The production of the semiconductor thin film αυ is carried out, for example, by placing the substrate (7), which has already been formed up to the first electrode α, into a reaction chamber, and filling the reaction chamber with an appropriate reaction gas to generate a glow discharge. It will be done. Since the compositions of the power generation layers (11a) and (11b) are different from each other, it goes without saying that the reactive gases can be switched in the order of stacking. The table below shows the composition of the reactive gas for each layer. The temperature of the substrate (71) was kept at 250°C during the formation of all layers except for the second mold layer (processing), and at 300°C for the second x-type layer (process 2). .

The reaction gas also contains H2 gas as a carrier gas.

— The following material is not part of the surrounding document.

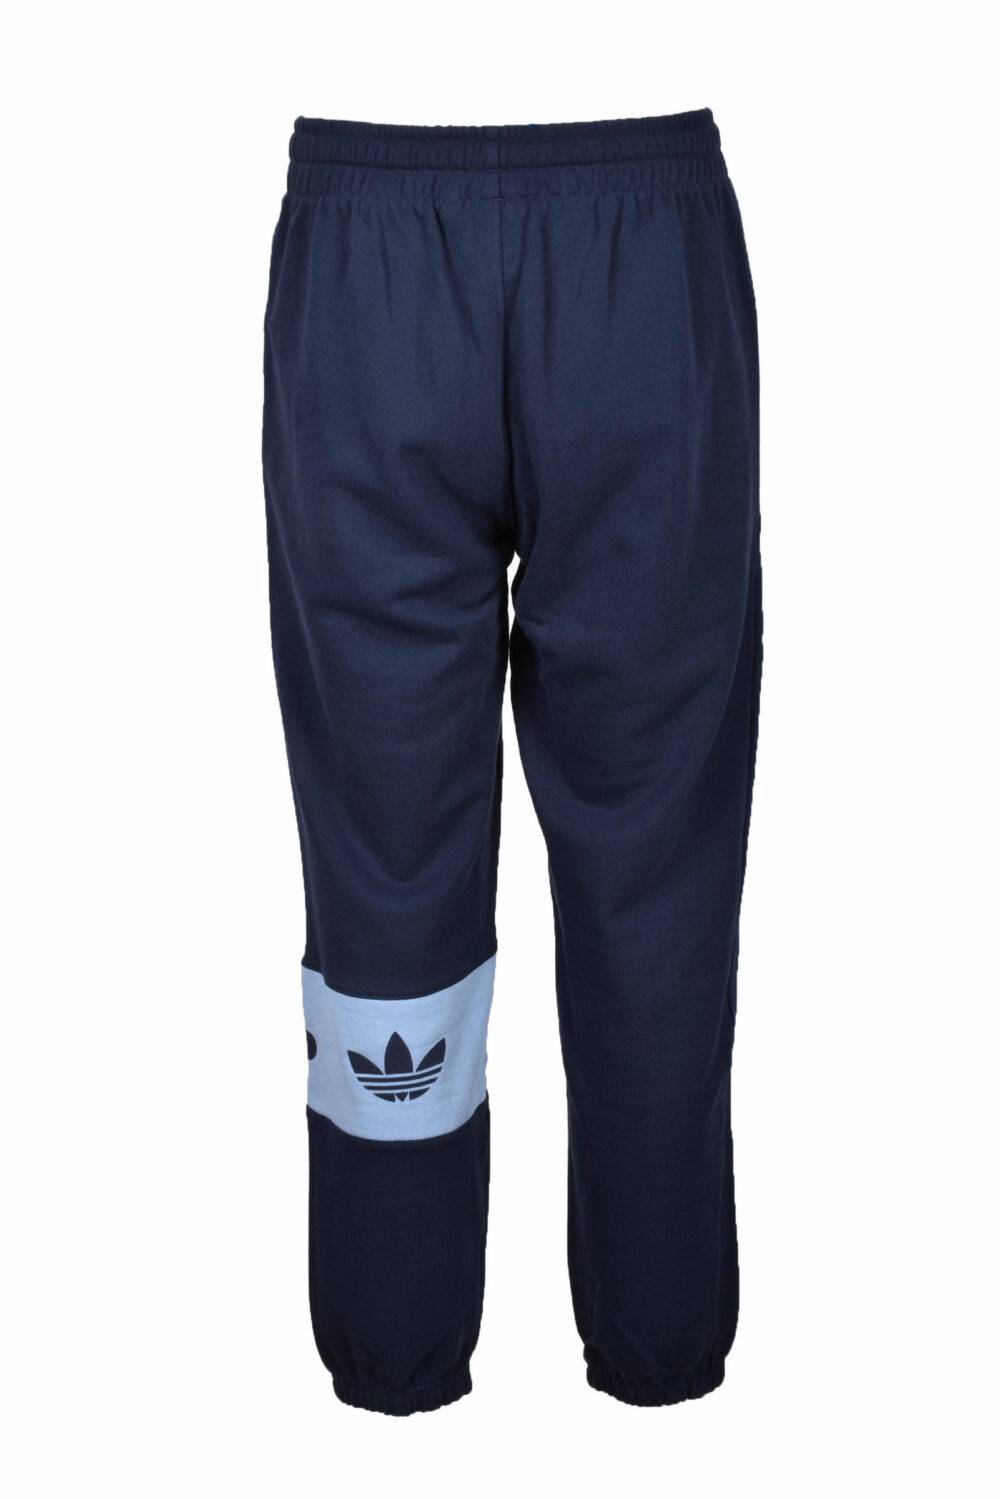 Pantaloni Adidas Blu - Foto 2

As another example, the composition of each power generation layer when the composition of the second 11a), (11
b) Respective relative sensitivity characteristics (30a), (30b floor 3rd
As shown in the figure.

Margin below Note that the substrate temperature is maintained at 250° C. during the formation of all layers.

As another example, the composition of each power generation layer and the reaction gas composition during manufacture are shown in the table below, in which the composition of the second mold layer (Step 2) is further changed. In addition, the first and second power generation layers (11a) at this time
, (11b) are exactly the same as those shown in Figure '3.

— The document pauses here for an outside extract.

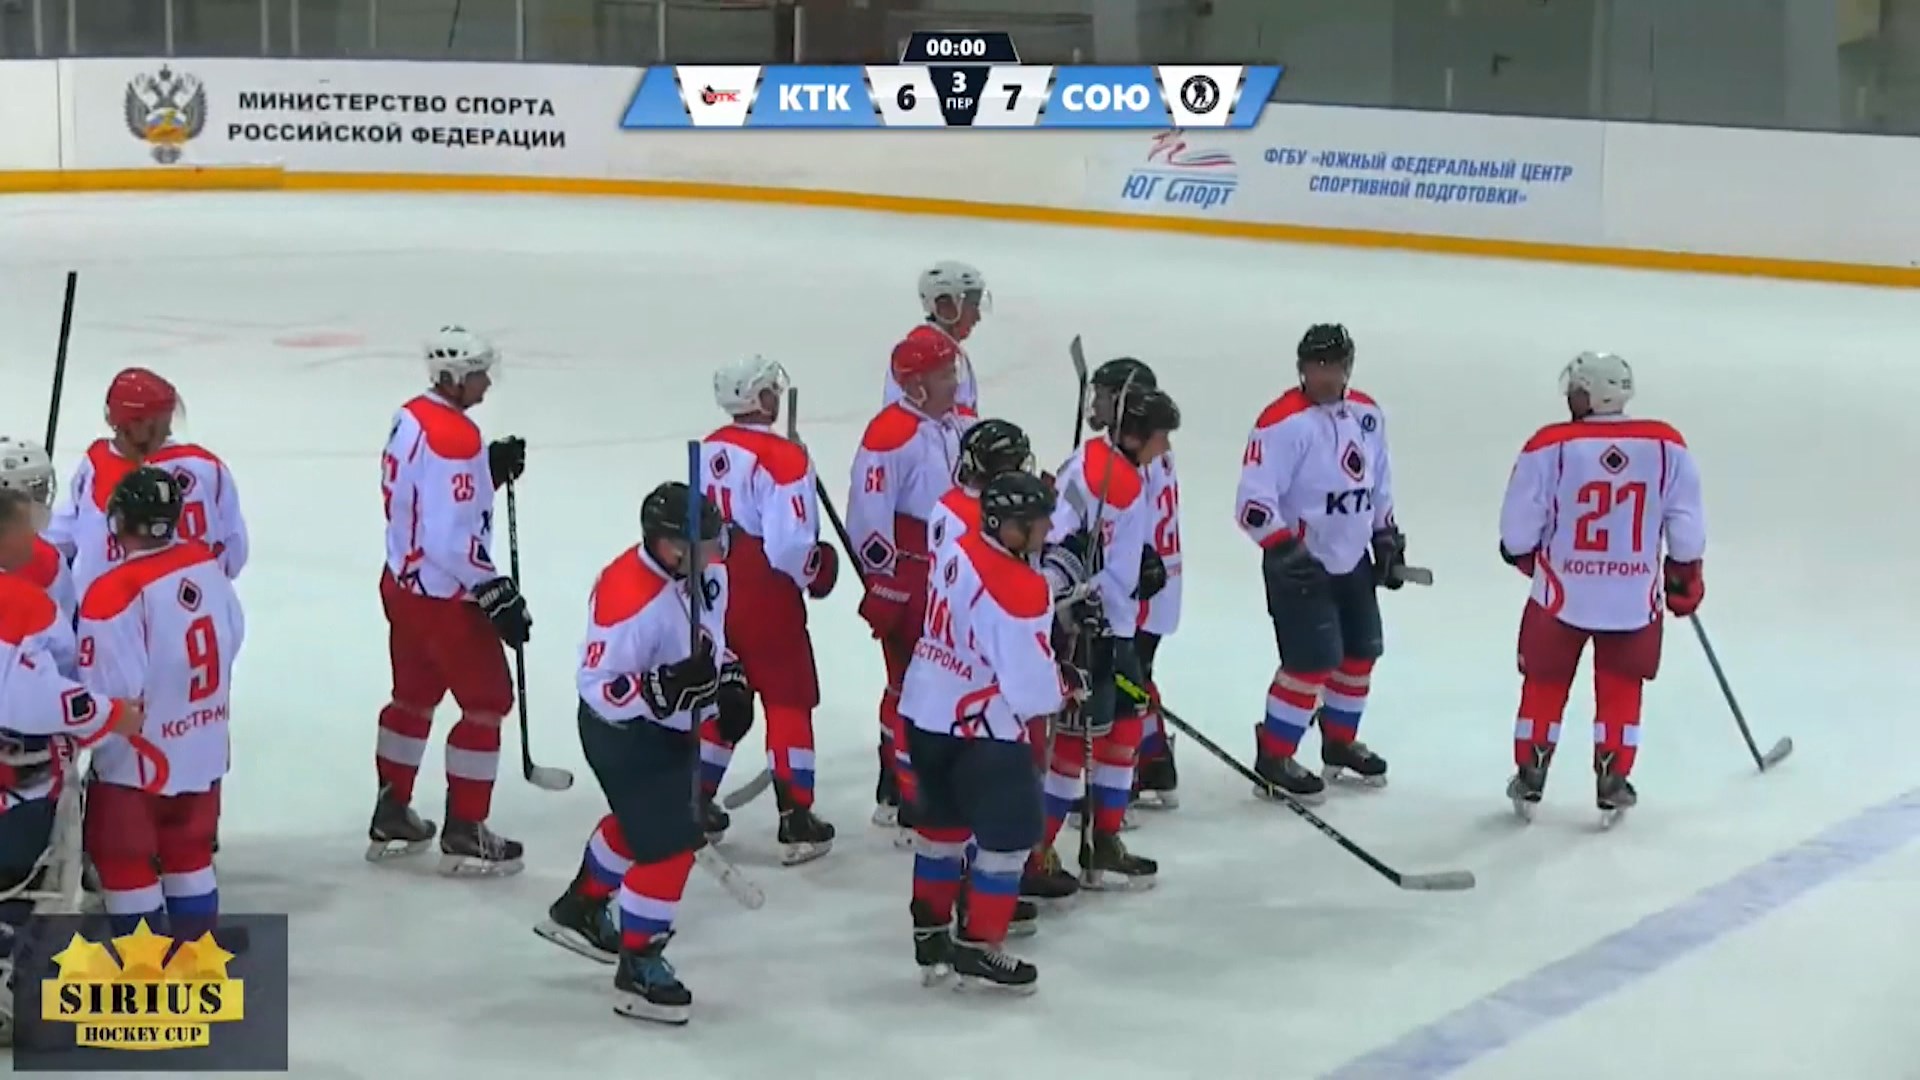 Немолодые костромские хоккеисты стали призерами престижного всероссийского турнира

In this example as well, the substrate temperature is 250 t in all cases.

In each of the above embodiments, the reaction gas composition during forming the mold layer may be set within the following range.

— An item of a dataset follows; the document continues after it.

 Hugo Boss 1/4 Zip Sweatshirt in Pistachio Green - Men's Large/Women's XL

1st Ig layer (technique 1) NHs/81H4+1iH5*
** 1~1596j12 lff1ll (Engineering 2)
8nC14/81H4+8nC44...1~2 as
(MatahaGl!IH4/B11f4 +()eH4" 1
20%) Furthermore, the thicknesses of the P-type layer and N-type layer of each power generation layer may be set within the following range 8.

First P-type layer (Pl)...30-400X Second P-type layer (P2), first M-type layer<yl>-so~zooX Second M-type layer (N2)...50-1000μ or more Description As is clearer, according to the present invention, in a photovoltaic device using an amorphous semiconductor, a highly efficient device can be realized by making use of the unique properties of the amorphous semiconductor to form a laminated structure. .

4. Brief description of the drawings ゛ - Figure 1 shows an embodiment of the present invention, Figure 1 is a plan view, and Figures B and C are B-B, C-, and C cross sections of Figure 1, respectively. Figure 1 is an enlarged sectional view of the main part, and Figures 2 and 5 are relative sensitivity characteristic diagrams.

(7)...Insulating substrate, (11)...Semiconductor thin film, (
11a), (11b), (11c)”@1, 2nd,
Fifth power generation layer.

Figure 2 Figure 8 - Hitoshichikou Member (A)

Claims (2)

[Claims] (1) At least first and second power generation layers made of amorphous semiconductor are laminated sequentially from the light incidence side in the light incidence direction, and the optical band gap of each power generation layer becomes smaller sequentially from the light incidence side. Each of the power generation layers includes an IW layer, and each of the first and second power generation layers has a thickness of 500 to 30
00λ, 3000 to 1ooooX. (2) In claim 1, the mold layer of the first power generation layer is made of amorphous silicon nitride,
A photovoltaic device characterized in that the xt11 layer of the second power generation layer is made of amorphous silicon, amorphous silicon germanium, or base crystal silicon tin.